Homelessness is a stressful condition. Working in shelters, I have come to see how being homeless exacerbates existing personality disorders and may even create new ones. Most of our guests are beautiful human beings, but it is naive to think that all homeless people are honest, well-intentioned, peaceful or sane. All the same, access to shelter is a basic human right and we shelter staff do our best to provide it, dealing firmly but compassionately with those guests whose experiences have taught them that manipulation, deceit, theft, and intimidation are useful tools for survival.
So we work with some very hard-core folks night after night, and we keep doing it for less than wonderful pay, precisely because we understand that while abused and underprivileged people may not always be very pleasant individuals, they still deserve a safe place to sleep, in circumstances of dignity and compassion. For that reason our standard of proof for behavior that incurs a short-term or long-term bar is usually very high. Please give us the benefit of the doubt when you hear accusations of our unfairness.

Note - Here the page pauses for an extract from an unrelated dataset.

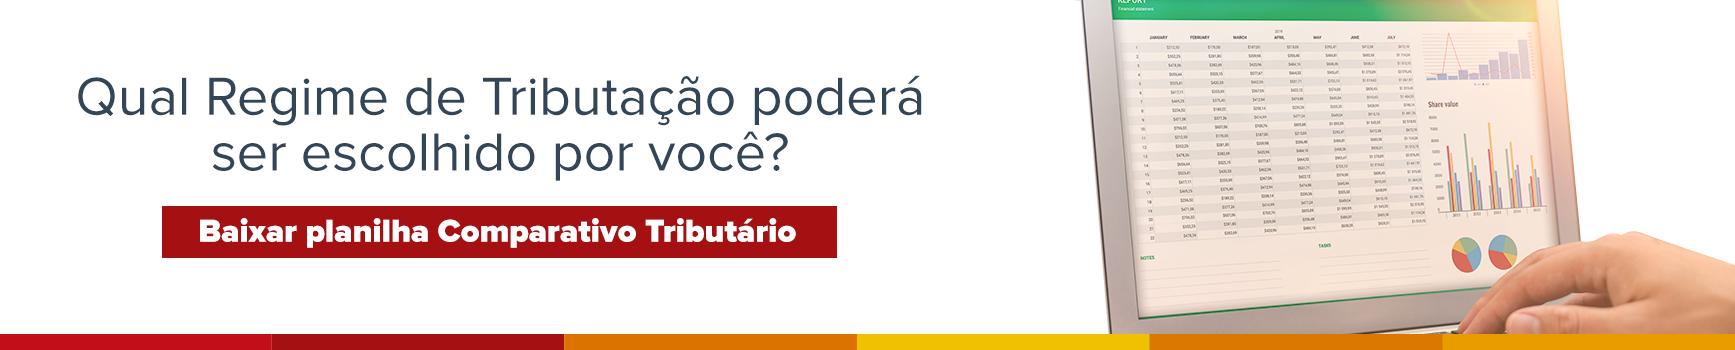 planilha-comparativo-tributario

I believe I am speaking for the vast majority of shelter providers when I say, yes, there are occasional bad apples among us, but we don't keep them on staff once we've identified them. There are incidents of unfairness, but we don't tolerate them. We are stern with each other and ourselves when we've lost sight of compassion and justice under stress.
You do the community no service by presenting one-sided stories that essentially say “homeless person good, shelter staff bad.” We have enough trouble recruiting good staff for a difficult and fairly thankless job without creating the impression – however inadvertently — that shelter workers are fair targets for vilification by advocates for the homeless.